** Opening Task input block **

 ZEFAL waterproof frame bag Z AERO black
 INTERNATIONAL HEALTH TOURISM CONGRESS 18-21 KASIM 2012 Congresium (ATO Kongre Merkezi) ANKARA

** Closing Task input block **
** Opening Task input block **

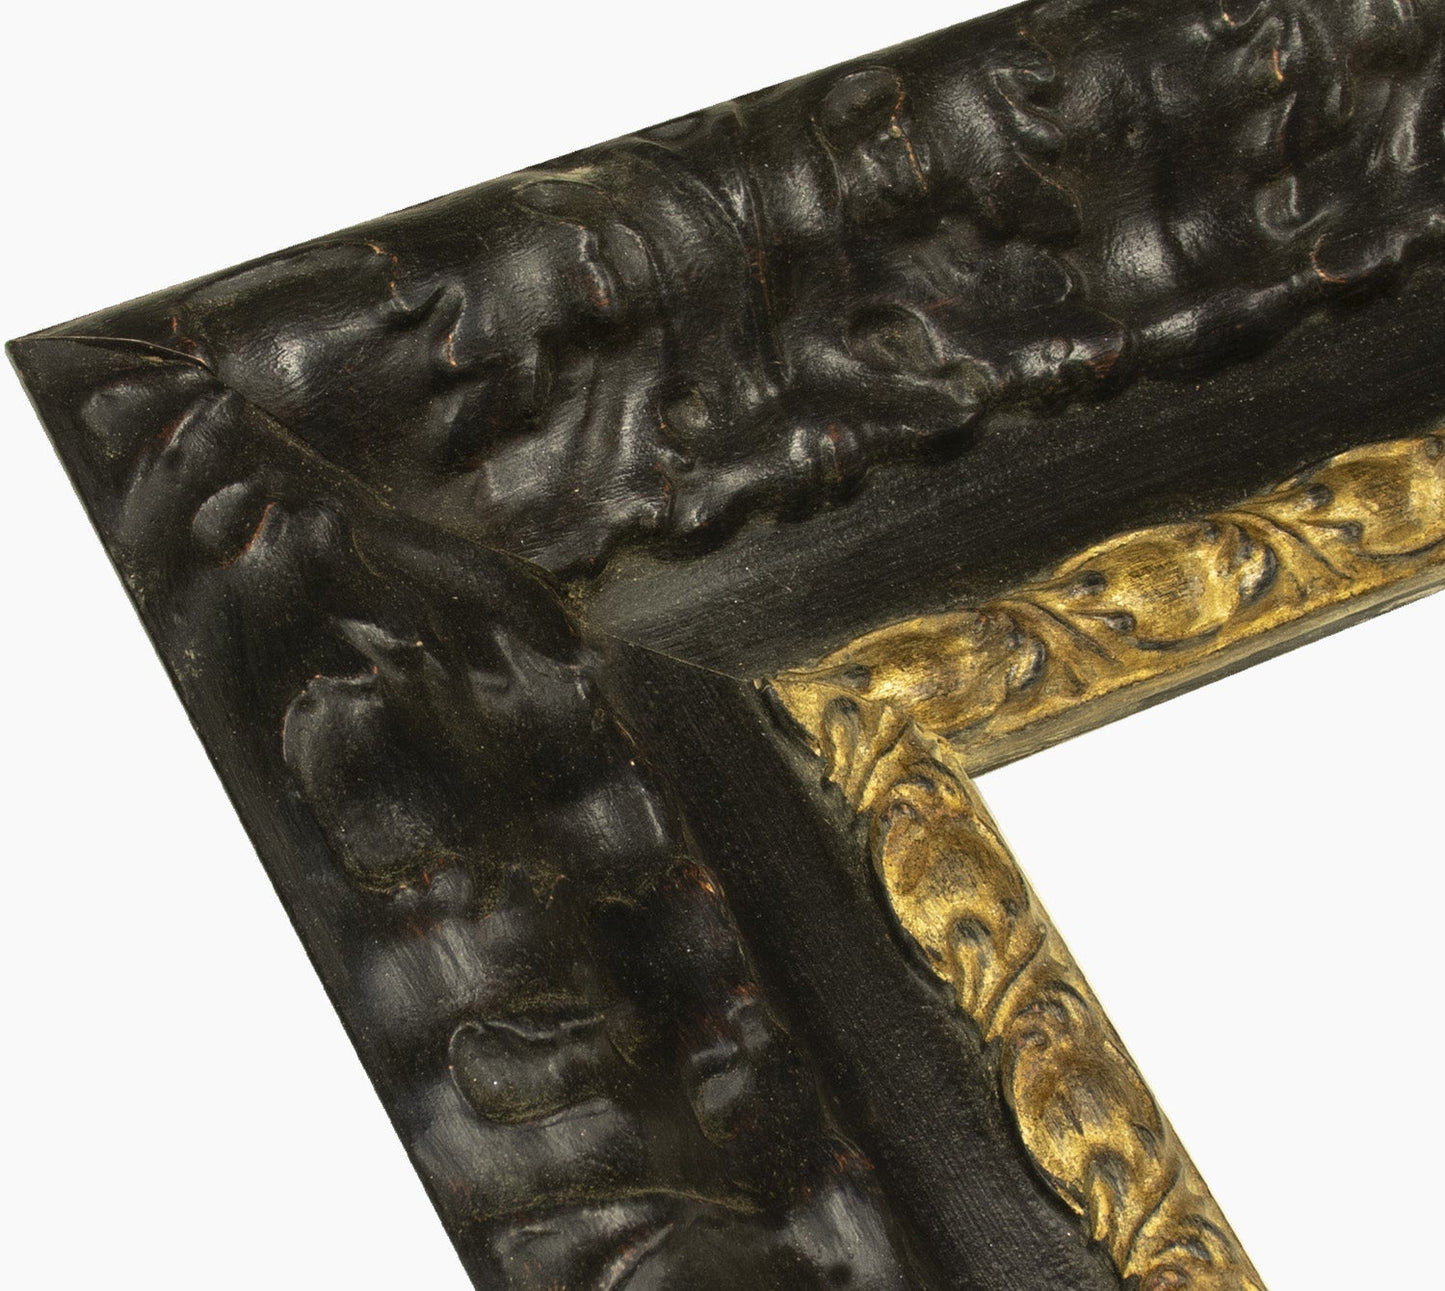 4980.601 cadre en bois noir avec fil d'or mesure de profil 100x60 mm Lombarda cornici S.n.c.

** Closing Task input block **

What is being asked =
There is a run of lines above from the one with "ZEFAL waterproof frame bag Z AERO black" to the one with "INTERNATIONAL HEALTH TOURISM"; print exactly that run, both ends included, and nothing else.

Exercise response =
 ZEFAL waterproof frame bag Z AERO black
 INTERNATIONAL HEALTH TOURISM CONGRESS 18-21 KASIM 2012 Congresium (ATO Kongre Merkezi) ANKARA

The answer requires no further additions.